Ist es nicht genug, liebe protestirende Brüder, wenn ein Jeder sich befleißt, diejenige Gnade, die der Herr Jesus bei seiner Tafel anbietet, mit Glauben anzunehmen, von Herzen alles Wortgezänke verabscheut, und dafür hält, wenn er zum hochwürdigen Sacramente gehe, so anerbiete ihm Gott alle Schätze, die Christus mit seinem dahingegebenen Leibe und mit seinem vergossenen Blute erworben habe, der gläubige Communicant verpflichte sich aber gegen Gott und gegen seinen Erlöser mit einem Eidgelübde, daß er als ein Erlöster leben wolle, und daß er, nachdem er die heilige Mahlzeit genossen, fürbas wandle nach dem Berge Gottes gegen den Himmel, auf dem Wege des Glaubens und auf der Straße der Frömmigkeit.
15.
Endlich, Ihr Protestirende, könnet Ihr den tröstlichen und seligen Schluß bei eurer Religion machen: „Ich weiß, daß mich Gott von Ewigkeit her geliebet, ich weiß, daß er seinen Sohn für mich dahin gegeben, ich weiß, daß sein Blut ein vollkommenes Lösegeld für meine Sünden ist, ich weiß, daß er um meiner Sünden willen gestorben und um meiner Gerechtigkeit willen auferstanden ist, ich weiß, daß er sitzet zur Rechten Gottes und mich vertritt, ich weiß, daß er meinen Leib am jüngsten Tage auferwecken, ja ich weiß, daß er meine Seele in der Stunde des Todes, ohne Versuchen einigen Gerichts, aufnehmen wird in seinen väterlichen Schoß. Und das weiß ich gewiß, weil Gott dieses in seinem Worte versprochen hat allen Denen, die da glauben und Buße thun.
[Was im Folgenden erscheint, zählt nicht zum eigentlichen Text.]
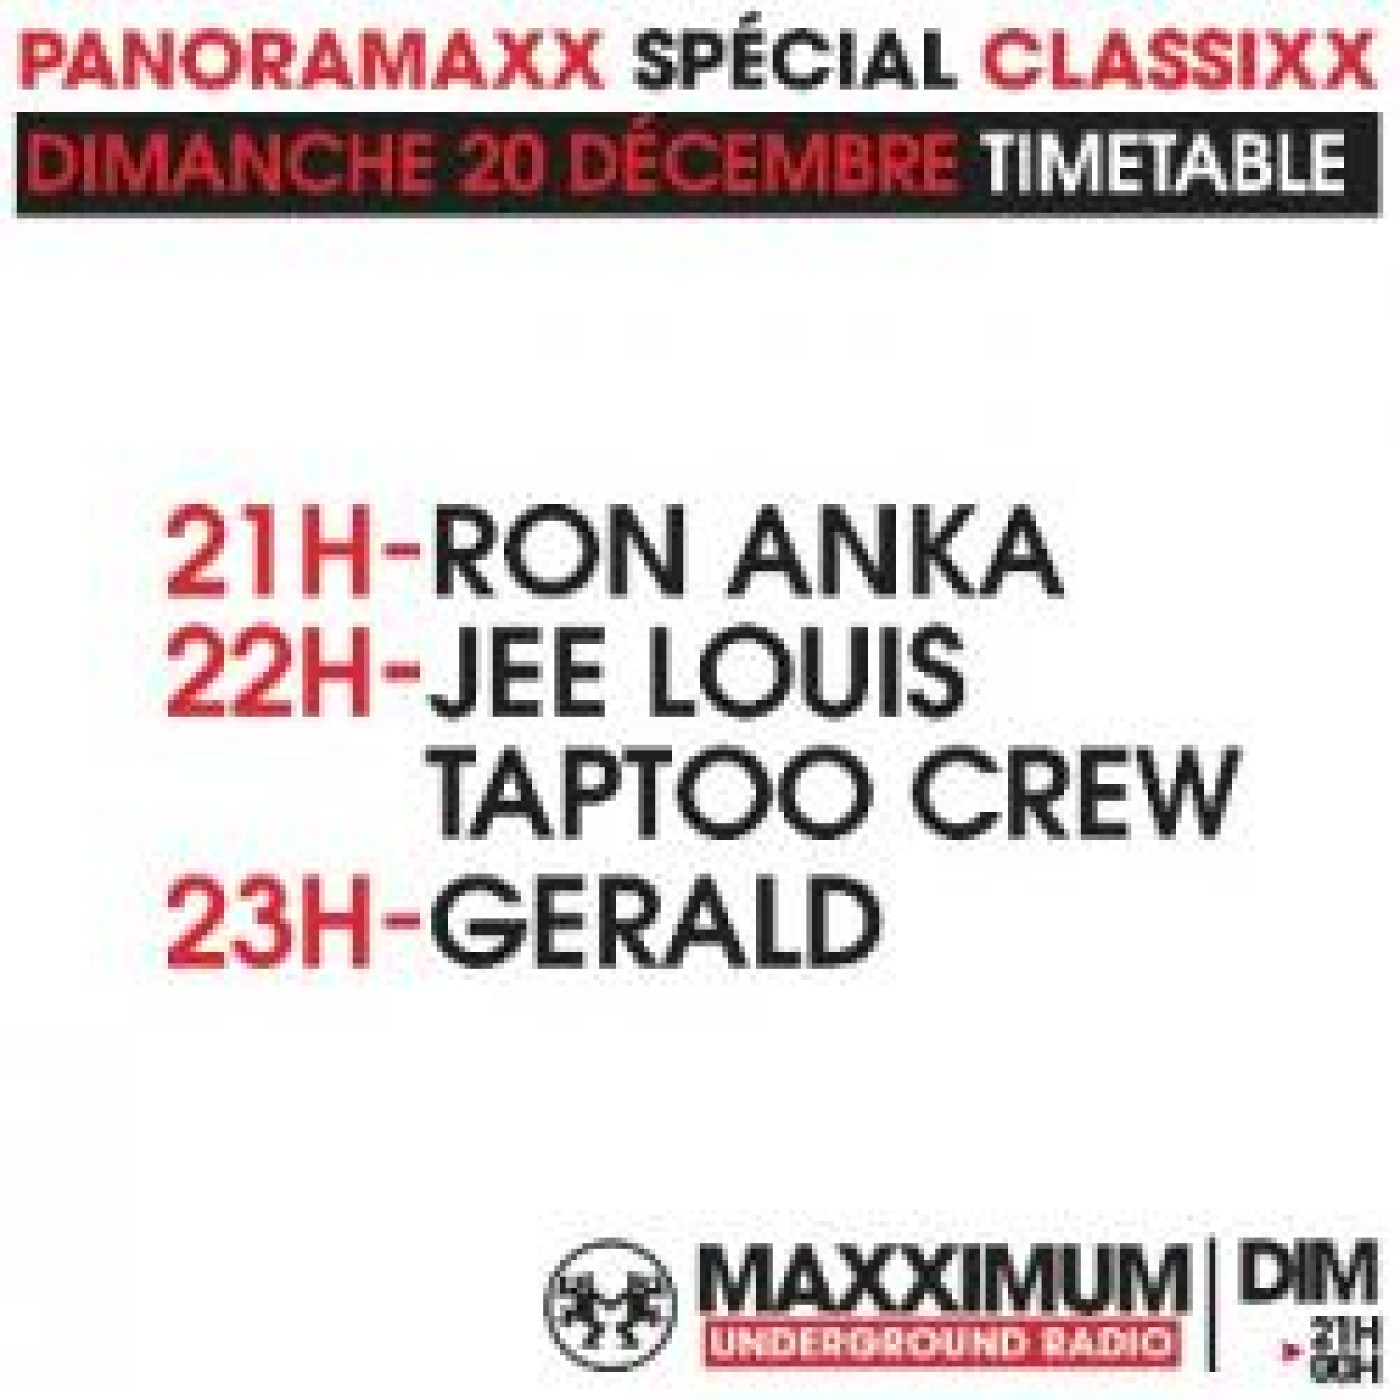 PANORAMAXX CLASSIXX : JEE LOUIS TAPTOO CREW

Ich weiß es gewiß, weil ich meine Seligkeit allein in Gottes Gnade und Barmherzigkeit suche und in dem theuren Verdienste Jesu Christi, welcher versprochen hat, alle die aufzunehmen, welche also zu ihm kommen. Ich weiß es gewiß, weil ich mich selber kenne, mein sündiges Wesen verabscheue und mich in die Wunden Jesu verberge, damit ich in denselben Heil finde. In diesem Vertrauen will ich vor Gottes Gericht erscheinen, weil ich versichert bin, daß Ihm durch den Tod seines Sohnes für mich genug gethan sei. Bin ich schwach, bin ich ein großer Sünder, je mehr ich klage, je mehr ich traure und weine, desto mehr wird sich mein gütiger Vater über mich erbarmen, und Jesus, mein Heiland, wird den nicht hinausstoßen, der zu ihm kommt und jammert: Ach ich habe gesündiget im Himmel und vor dir und bin nicht werth, daß ich dein Kind heiße! - Sind der Trübsale viele und schwere, so sind sie für mich doch nur väterliche Züchtigungen; Gott hilft mir sie tragen, und sie sind nicht zu rechnen gegen die Herrlichkeit, so an den Kindern Gottes soll geoffenbaret werden. Darauf will ich mich mit Frieden niederlegen und schlafen, eingedenk der tröstlichen Verheißung meines Heilandes Joh. 5,24: „Wahrlich, wahrlich ich sage euch, wer mein Wort höret und glaubet Dem, der mich gesandt hat, der hat das ewige Leben und kommt nicht in's Gericht, sondern ist vom Tode in's Leben hindurchgedrungen“. Habt Ihr, Protestirende, nicht einen so tröstlichen Glauben? Ist es nicht billig, daß Ihr in dem, wozu Ihr gelangt seid, im Glauben und in der Liebe auch wandelt?